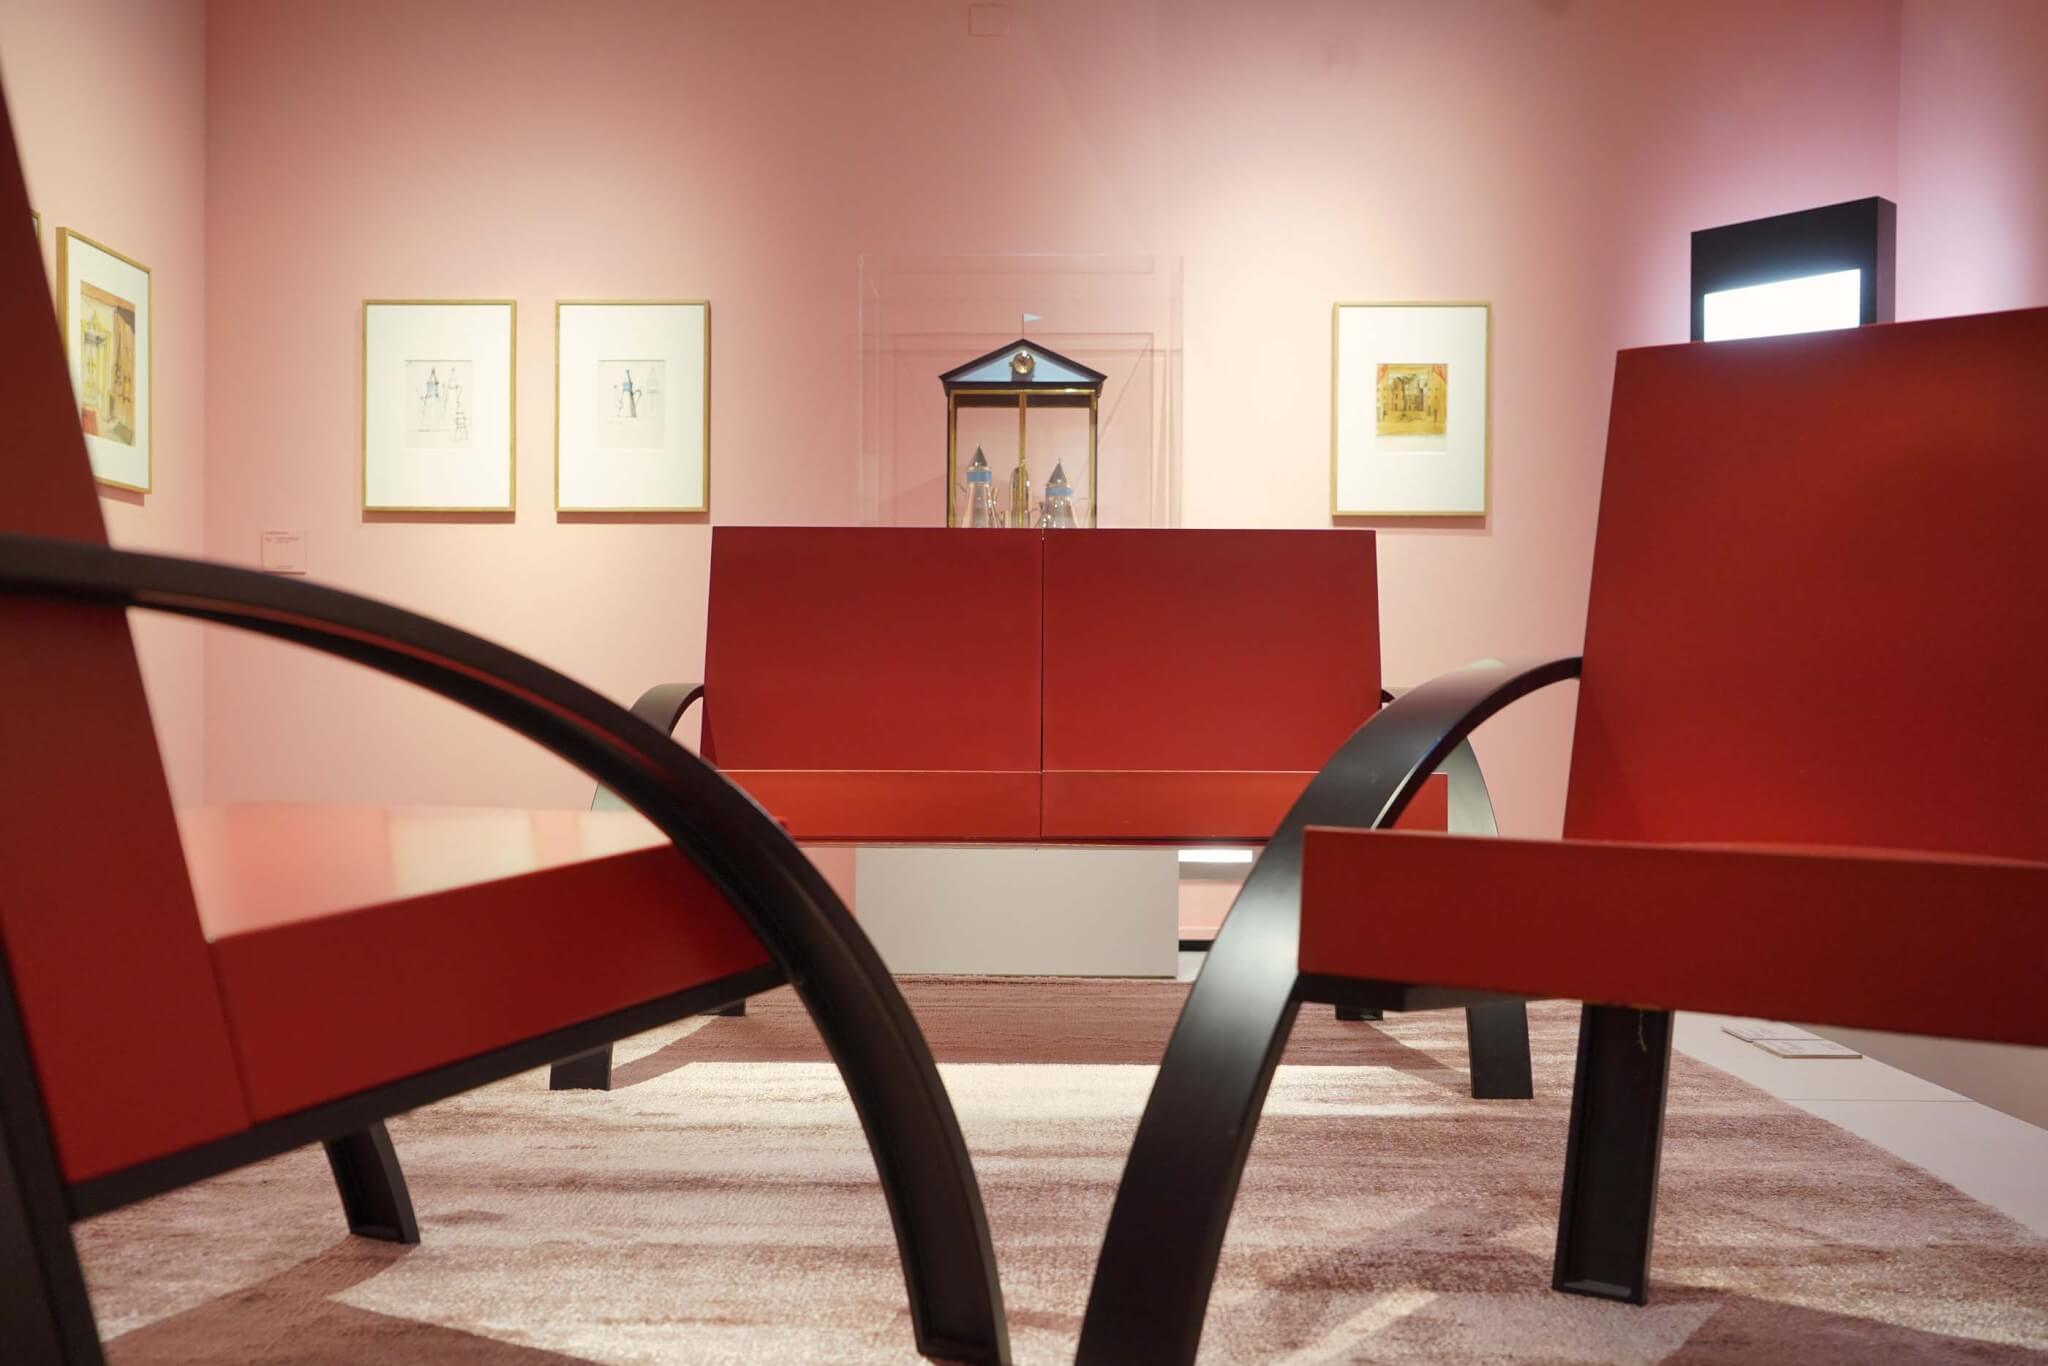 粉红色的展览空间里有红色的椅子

◇ ◇ ◇

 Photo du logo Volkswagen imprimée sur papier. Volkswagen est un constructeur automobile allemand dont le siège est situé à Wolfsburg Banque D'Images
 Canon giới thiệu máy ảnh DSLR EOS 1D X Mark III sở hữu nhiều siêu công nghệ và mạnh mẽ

◇ ◇ ◇

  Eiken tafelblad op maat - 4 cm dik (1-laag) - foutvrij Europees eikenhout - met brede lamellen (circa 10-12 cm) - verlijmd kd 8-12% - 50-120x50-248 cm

◇ ◇ ◇

WHAT THE EXERCISE ASKS — Find the line with "Photo du logo" in the entries above. Retype it and each line after it, exactly, through the line with "Canon giới thiệu", and stop there.

EXPECTED ANSWER —
 Photo du logo Volkswagen imprimée sur papier. Volkswagen est un constructeur automobile allemand dont le siège est situé à Wolfsburg Banque D'Images
 Canon giới thiệu máy ảnh DSLR EOS 1D X Mark III sở hữu nhiều siêu công nghệ và mạnh mẽ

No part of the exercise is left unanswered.